А спустя три месяца грянул всемирный экономический кризис, доллар вместо четырех гривен стал стоить девять с половиной, и ту зарплату, которую, в гривнах, получал глава семейства, работая водителем со своим автомобилем, сильно урезали. Схема со сдачей автобуса в ночную аренду для развозки сотрудников какого-то пригородного завода тоже накрылась – половину сотрудников того завода отправили в неоплачиваемый отпуск, ночные смены отменили. В связи с общей сумятицей Лесниченко забыли совсем про коммунальные платежи за обе квартиры, и пришла грозная квитанция с какой-то совершенно неподъемной суммой. Одновременно с этим про банковский кредит и про автобус узнали в собесе, пришли с комиссией и сняли с них статус малоимущих, лишив весьма существенных льгот. Кредитный платеж за сентябрь также не был погашен, и начались звонки в шесть утра и в час ночи, когда записанный механический голос сообщал о задолженности. Старшие дети, которые собирались идти на курсы, сидели теперь дома, растерянные и притихшие. Нужно было срочно покупать около восьми пар обуви, кеды для школы и осеннюю одежду, а у коляски младшего сына, как назло, отвалилось колесо.
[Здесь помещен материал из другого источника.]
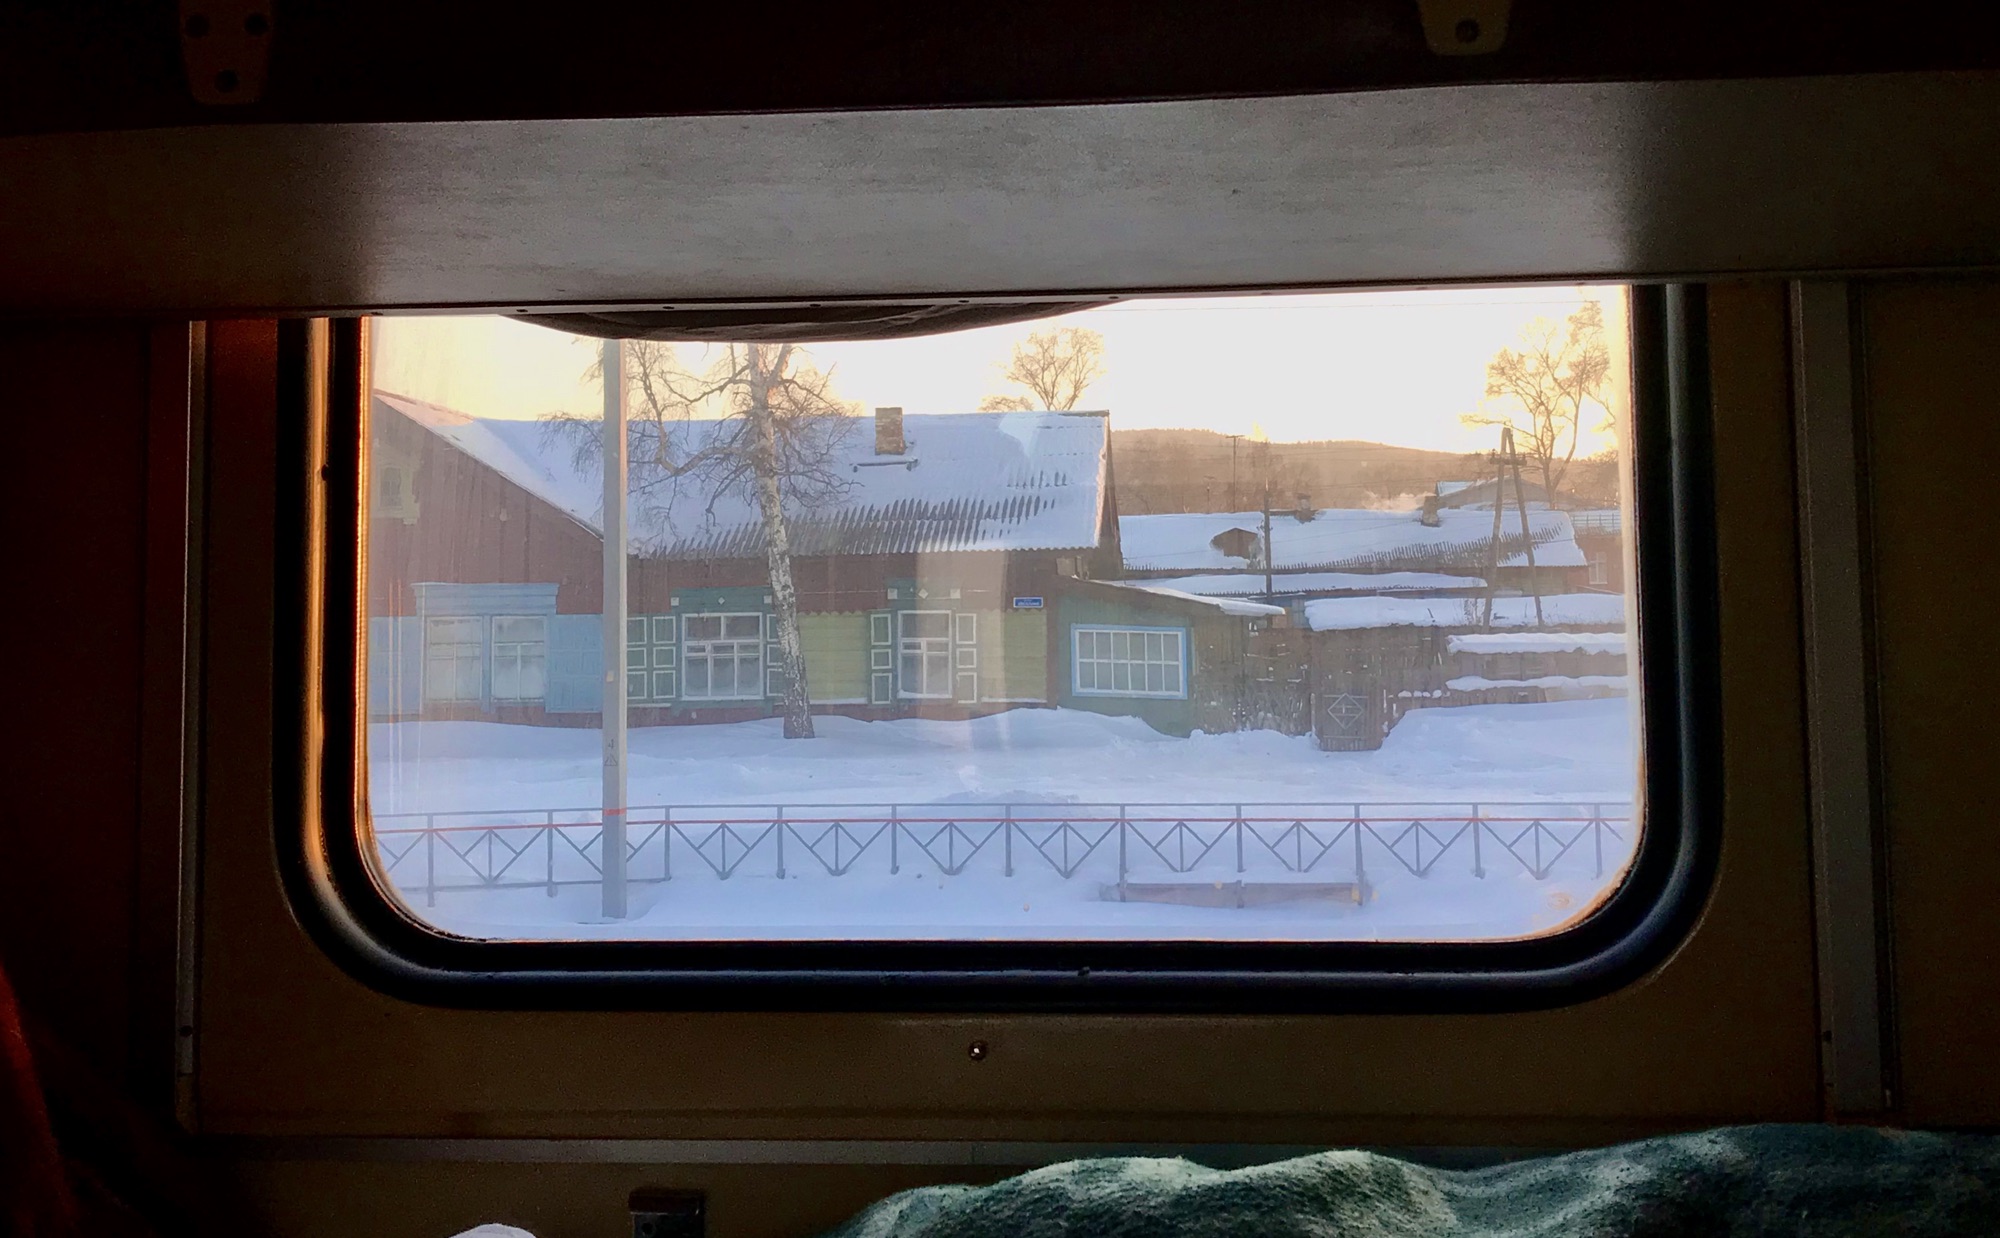 Winter trip to Russia – snowy fairytale

Старшие девочки пытались наняться репетиторами – заниматься с двоечниками – в соседние дома, но народ считал каждую копейку, скорее из-за всеобщей паники, чем из-за реальной угрозы собственному благополучию. А в одном месте за очень щедрые деньги вместе с унылым, как амеба, первоклассником приходилось иметь дело и с его дедом – прытким сухощавым чудовищем, торжественно разводящим полы потрепанного темно-бордового халата, под которым в коридорном полумраке покрученной корягой демонстрировались его обветшалые чресла. Словом, репетиторство пришлось оставить, и дух отрешенного отчаяния сумерками опускался на семью.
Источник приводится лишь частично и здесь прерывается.